Let’s say a computer with the internal IP address 192.168.4.2 and port number 1030 wants to download some data from an internet server with the public IP 98.137.246.6 at port 443.  The computer forwards this download request to the router with the following information: Client device 192.168.4.2 wants to establish a connection on port 1030 to internet server 98.137.246.6 on port 443. In order to process this request, the router has to replace the source IP address and port number of the LAN device with its own IP address and the corresponding or available port number. Thus, 192.168.4.2:1030 is translated to 197.210.84.100:2040 as shown in Figure 6.0 above. All relevant information is stored in the NAT table on the router as shown in the diagram

Protocol


Client IP Address and Port Number


Router Public IP Address and Port Number


Internet Server IP Address and Port Number


TCP


192.168.4.2:1030


197.210.84.100:1030


98.137.246.6:443


Once the internet server receives the request, it responds with the requested data packet which is then forwarded to the requesting device through the router based on the connection information on the NAT table. In addition to IP addresses and port numbers, the router also captures idle time-out associated with each connection in the NAT table. Whenever new traffic is received for a client, its time-out is reset. When the time-out expires, the entry is deleted from the NAT table. This ensures that the NAT table is kept to a reasonable size, and ports don’t remain perpetually open during inactivity and become a doorway for cyber-attacks.

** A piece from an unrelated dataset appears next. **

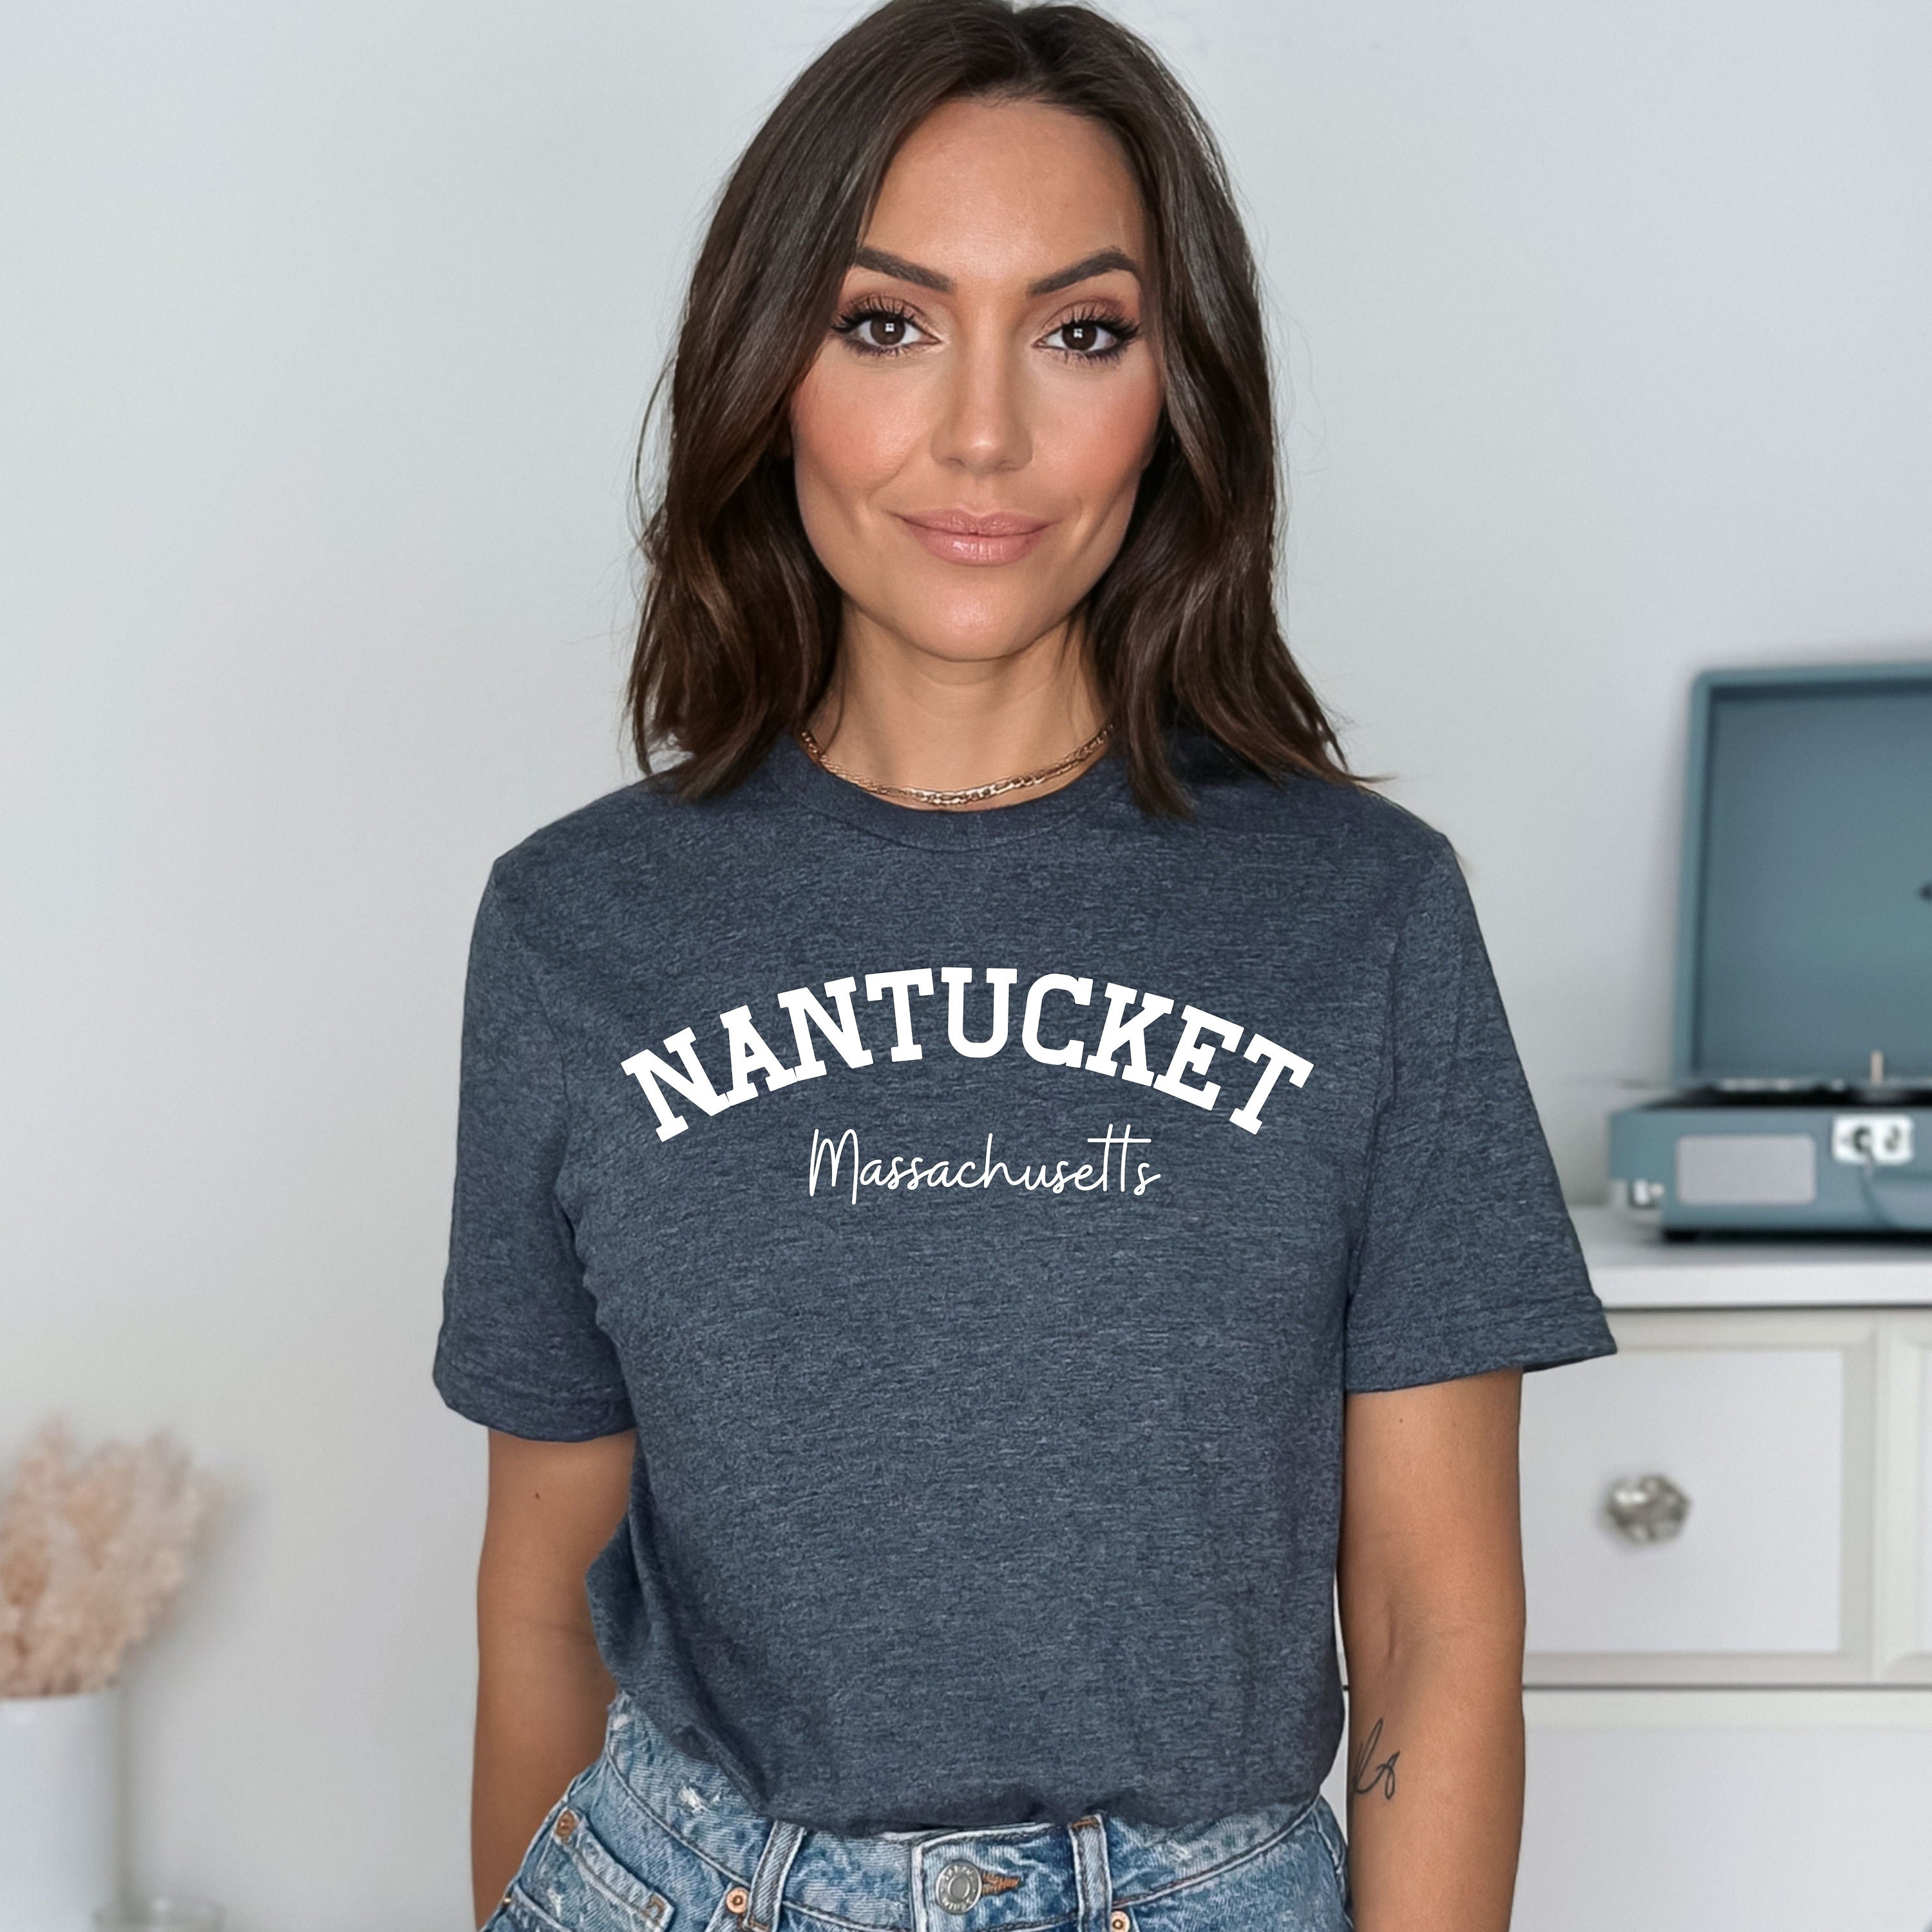 Nantucket Summer Vacation Softstyle Tee Shirt Gift Nantucket - Etsy

How to configure NAT overloading on a Cisco router

In order to configure NAT overloading on a Cisco router, the following steps are required:

  • Configure the router’s internal interface using the ip nat inside command
  • Configure the router’s external interface using the ip nat outside command
  • Configure access-list that includes a list of the internal source addresses that requires translation

Enable NAT overloading with the ip nat inside source list ACL_NUMBER interface TYPE overload global configuration command

Description


Command


Define the internal interface on the router


Router(config)#int fa0/0


Configure router with the NAT inside a command


Router(config-if)#ip nat inside


Define the external interface on the router


Router(config-if)#int s0/1


Configure router with the NAT outside command


Router(config-if)#ip nat outside


Define an access list that includes all private IP addresses we would like to translate


Router(config-if)#access-list 1 permit 192.168.0.0 0.255.255.255


Enable NAT and refer to the above ACL and the interface whose IP address will be used for translations


Router(config)#ip nat inside source list 1 interface s0/1 overload 


Once you have configured NAT overload on your router, you need to be able to verify the configuration. In order to verify the NAT translations, we can use the following commands:

Description


Command


Show basic IP address translation information


Router#show ip nat translation


Show the sending address, the translation, and the destination address on each


debug line


Router#debug ip nat


As the internet continues to expand at an exponential rate, NAT overloading has become the de facto standard for devices on a private network with IPv4 addresses to gain access to the public network, while slowing the depletion of the IPv4 addressing space. This has managed to conserve the IPv4 address for the last 30 years. But in November 2019, RIPE Network Coordination Centre announced that it has officially run out of IPv4 addresses. A longer-term solution to the eventual exhaustion of the 32-bit IPv4 address space is the 64-bit IPv6 protocol.

However, NAT is not commonly used in IPv6 networks. The large addressing space of IPv6 rules out the need for its conservation as every device can potentially be assigned a unique public IP address. Instead of the 4.3 billion IPv4 addresses, there are now potentially 3.4 duodecillion IPv6 addresses available to connect devices to the internet. This basically renders NAT implementation in IPv6 unnecessary. Nonetheless, NAT can still be used to protect the privacy of IPv6 private networks from public networks. But for now, as long as IPv4 is still in use, NAT overloading will continue to enable several devices in private networks to share a single public IPv4  address to communicate with other devices in the public network.